In that action we can see how important faith in Jesus is to salvation. Not only suffering would come to an end, hope is given for a better life, even when there has been death.
Browne questions:
Now, seriously, who had the greater faith here? The woman who pushed in to get her healing? Or the ruler who believed Jesus could raise his daughter back to life? The ruler receives no such commendation for his faith. He didn’t need it. It’s the bleeding woman from the bottom rung of society whom Jesus stops to affirm. In fact, she’s the only person in Matthew’s Gospel to whom Jesus said those amazing words,
“Your faith has saved you.”
After the diversion, Jesus continued to the ruler’s house, where flute players and mourners where already making a commotion to ensure no one in the community was uninformed about their ruler’s loss (9:23). The community protocols requiring a display of grief are rather shallow: they quickly melt into laughter when Jesus suggests the girl is not dead but resting (9:24).
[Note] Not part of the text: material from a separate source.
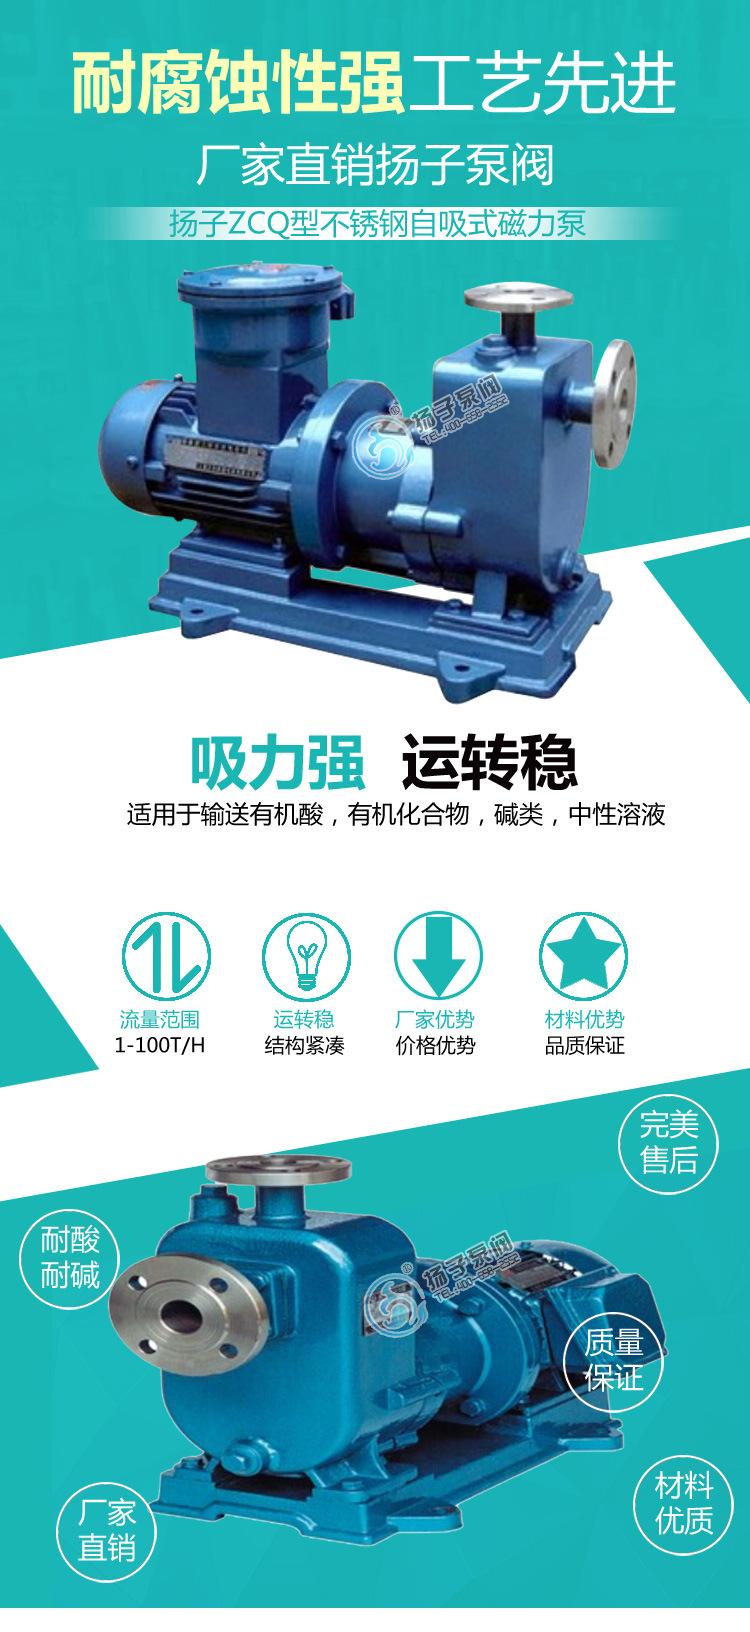 ZCQ25-20-115不锈钢自吸式泵力泵 卧式磁力驱动泵 无泄露磁力泵示例图1

Jesus takes the dead girl by the hand, and raises her up. Touching the bleeding woman had not made Jesus unclean; it made her clean. Touching the corpse didn’t contaminate Jesus; it broke death’s hold on the girl. In Jesus, the defilement of the world is being undone; uncleanness and death are losing their grip.
Matthew doesn’t tell us how the girl’s parents responded. You can guess. What he declares is a kingdom statement, the news of Jesus restoring the land (9:31).
Those of us who are servants of Jesus’ kingdom could do well to meditate on how he cared across all the strata of society, and how he gave his richest encouragement to the people who needed it most.
Tom Wright, Matthew for Everyone, Part 1: Chapters 1-15 (London: SPCK, 2004), 104–105:
Two of the things that were near the top of the list, things to avoid if you wanted to stay ‘pure’ in that sense, were dead bodies on the one hand, and women with internal bleeding (including menstrual periods) on the other. And in this double story Jesus is touched by a haemorrhaging woman, and then he himself touches a corpse.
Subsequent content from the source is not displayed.